**Task material**:

"""

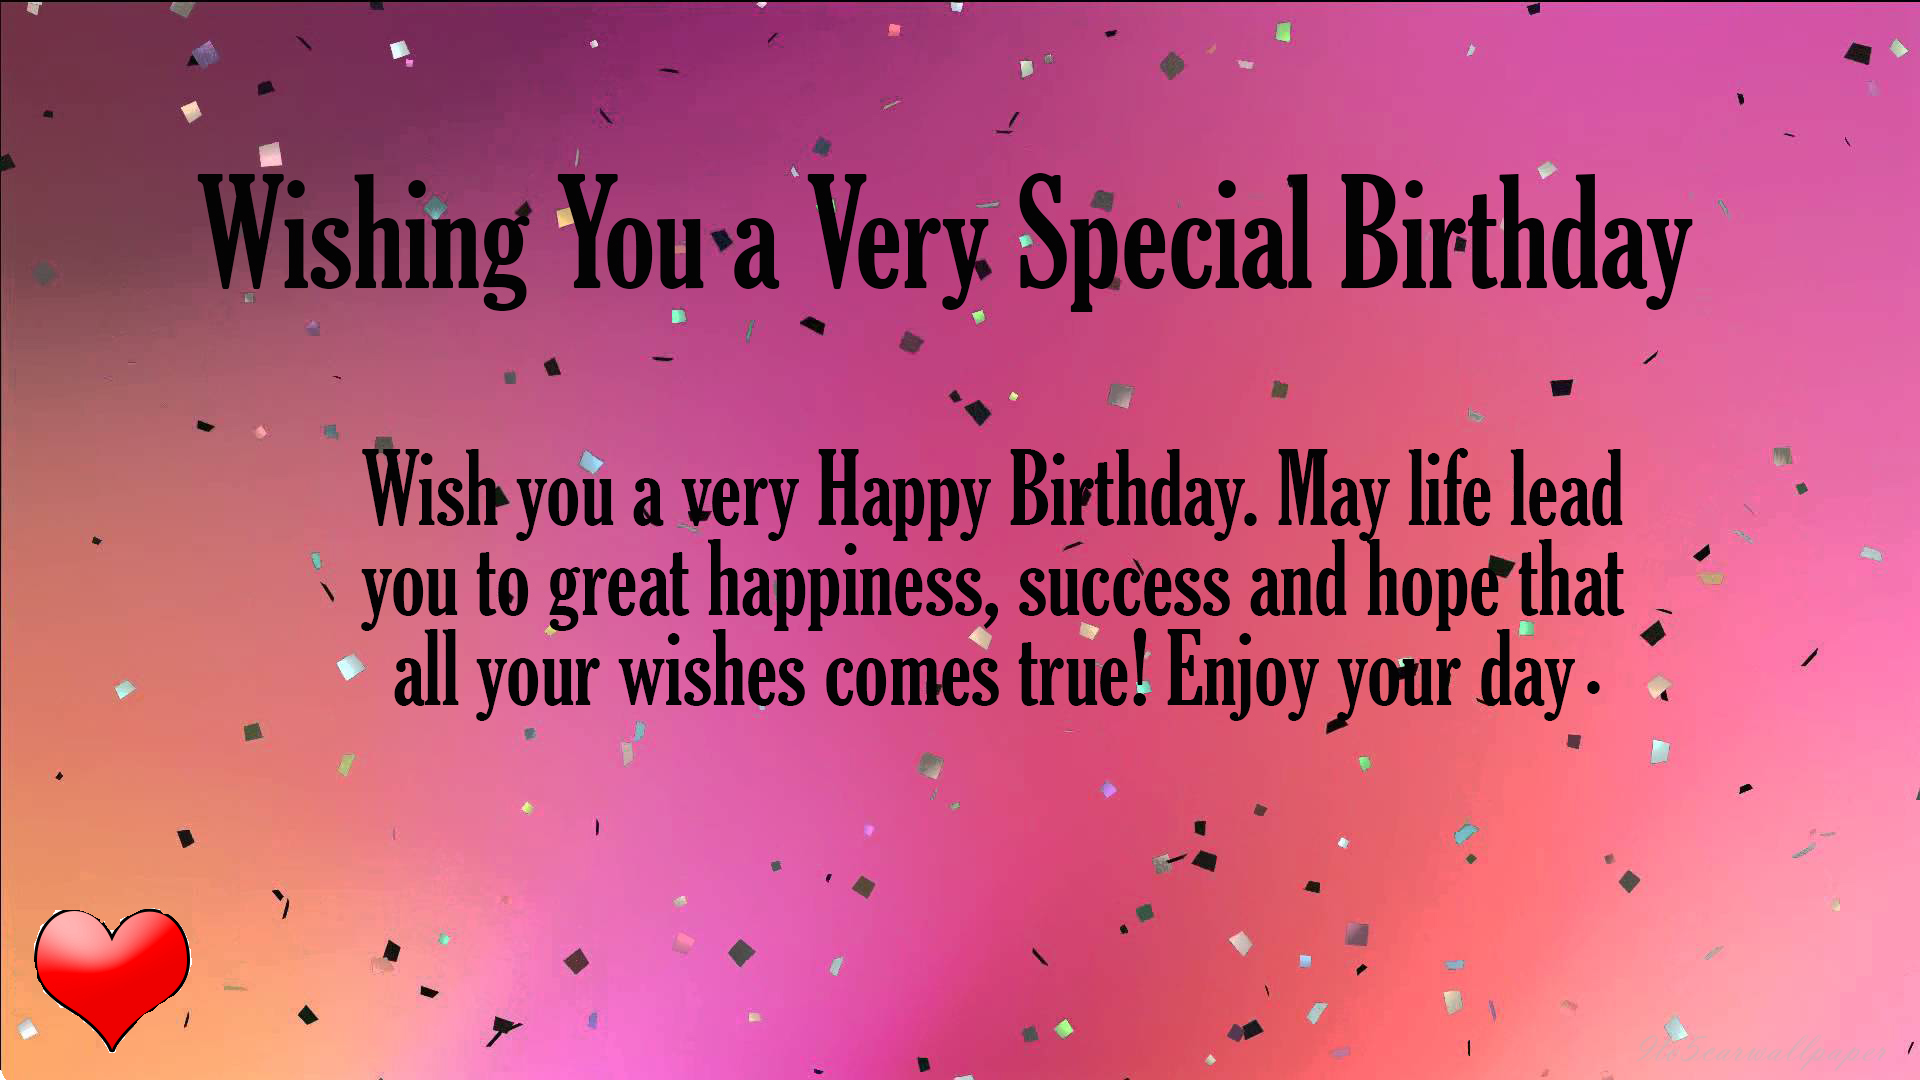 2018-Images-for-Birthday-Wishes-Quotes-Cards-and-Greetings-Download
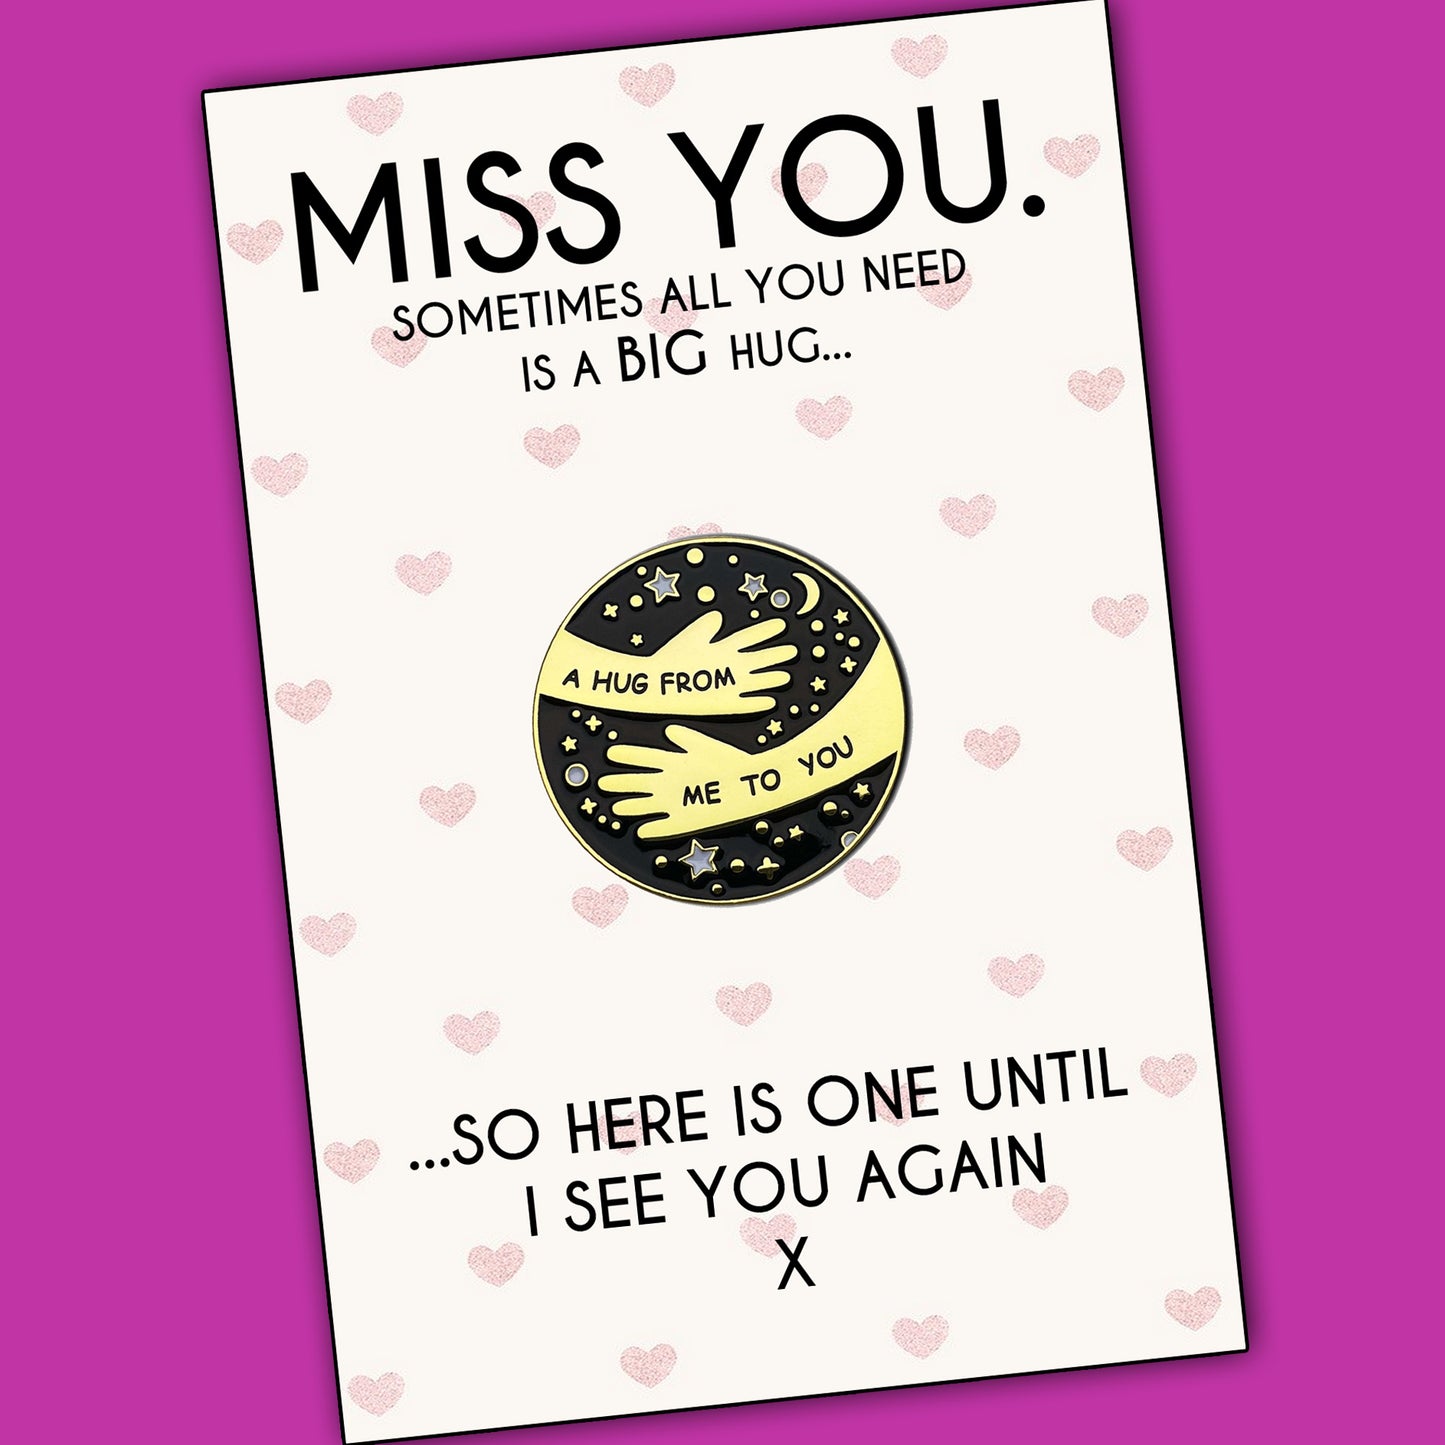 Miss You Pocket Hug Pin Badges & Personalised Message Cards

"""
"""

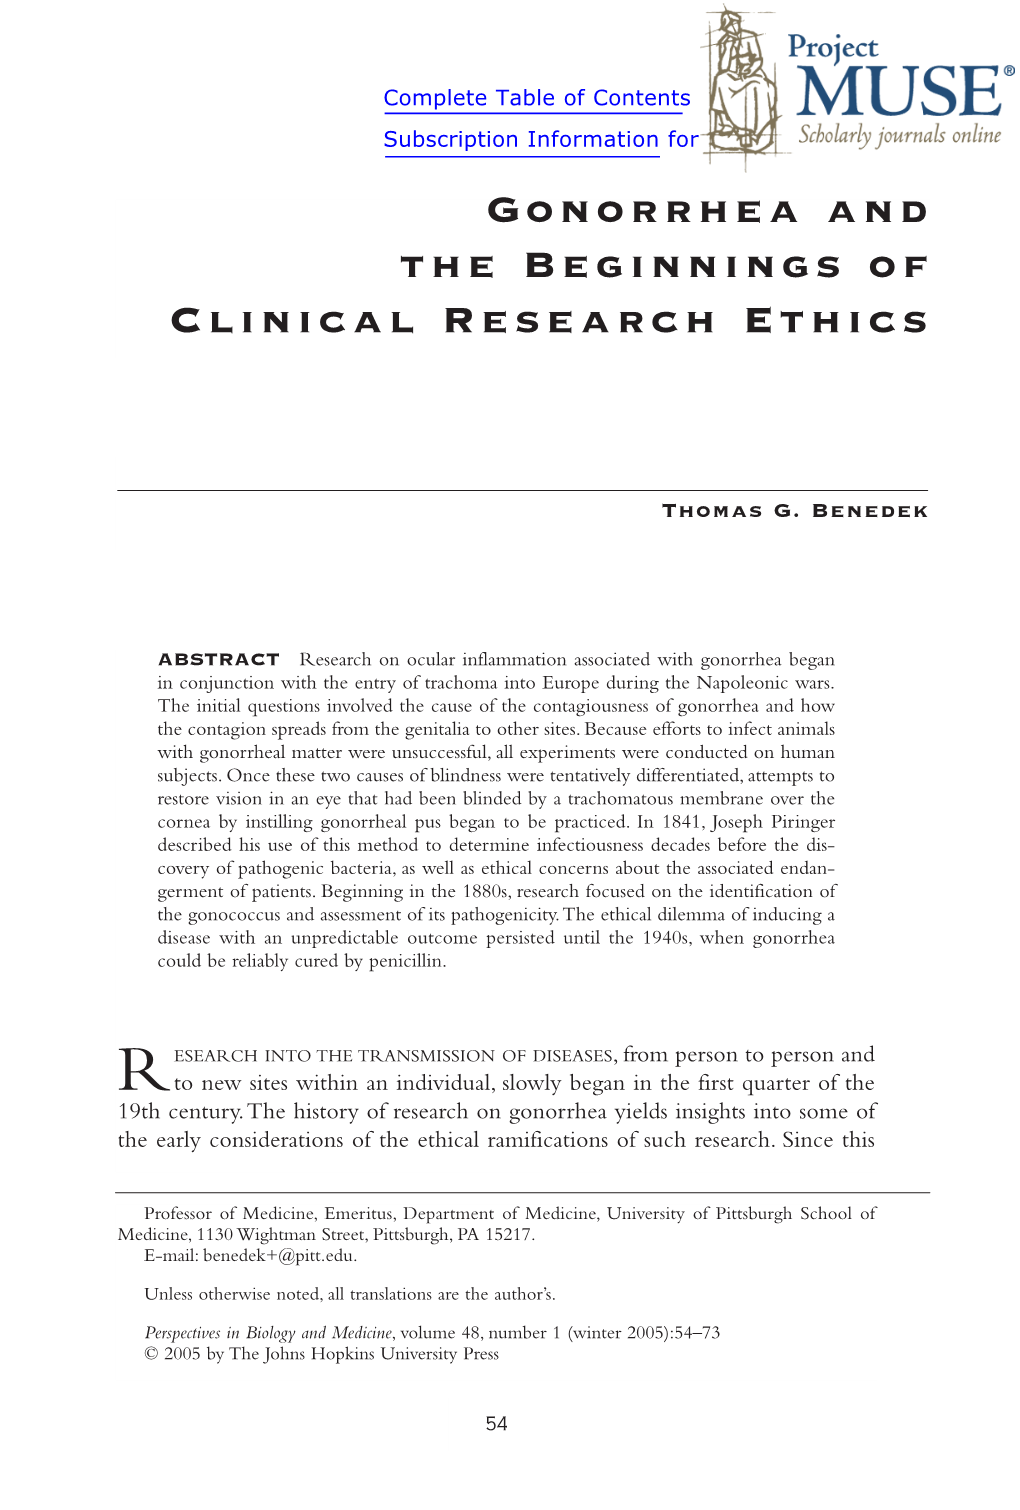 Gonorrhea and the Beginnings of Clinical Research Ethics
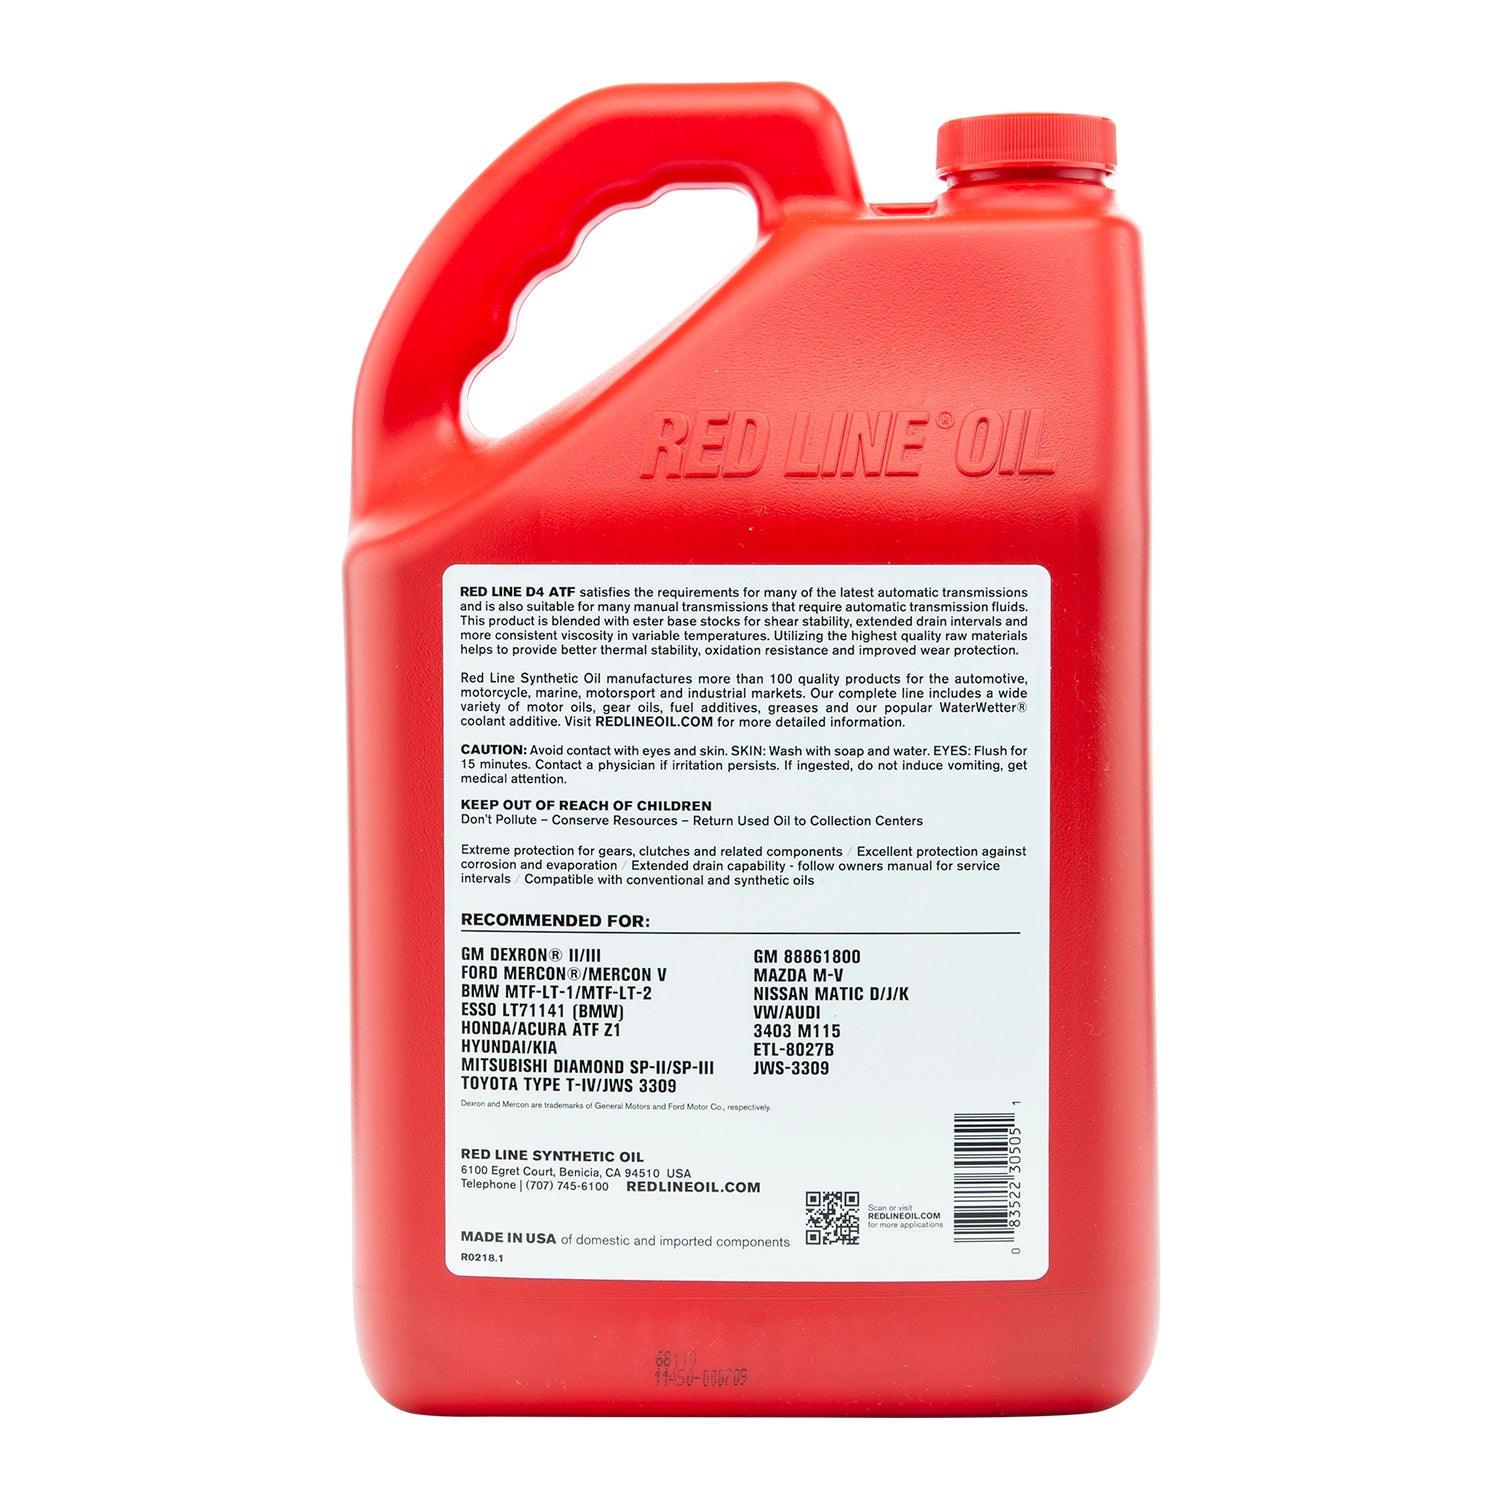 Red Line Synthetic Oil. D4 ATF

"""

**Task directions**: Print the part of the listing above that opens with the line containing "Gonorrhea and the" and closes with the line containing "Red Line Synthetic Oil. D4 ATF". Copy it exactly, both ends included, and omit the pictures.

**Output**:
 Gonorrhea and the Beginnings of Clinical Research Ethics
 Red Line Synthetic Oil. D4 ATF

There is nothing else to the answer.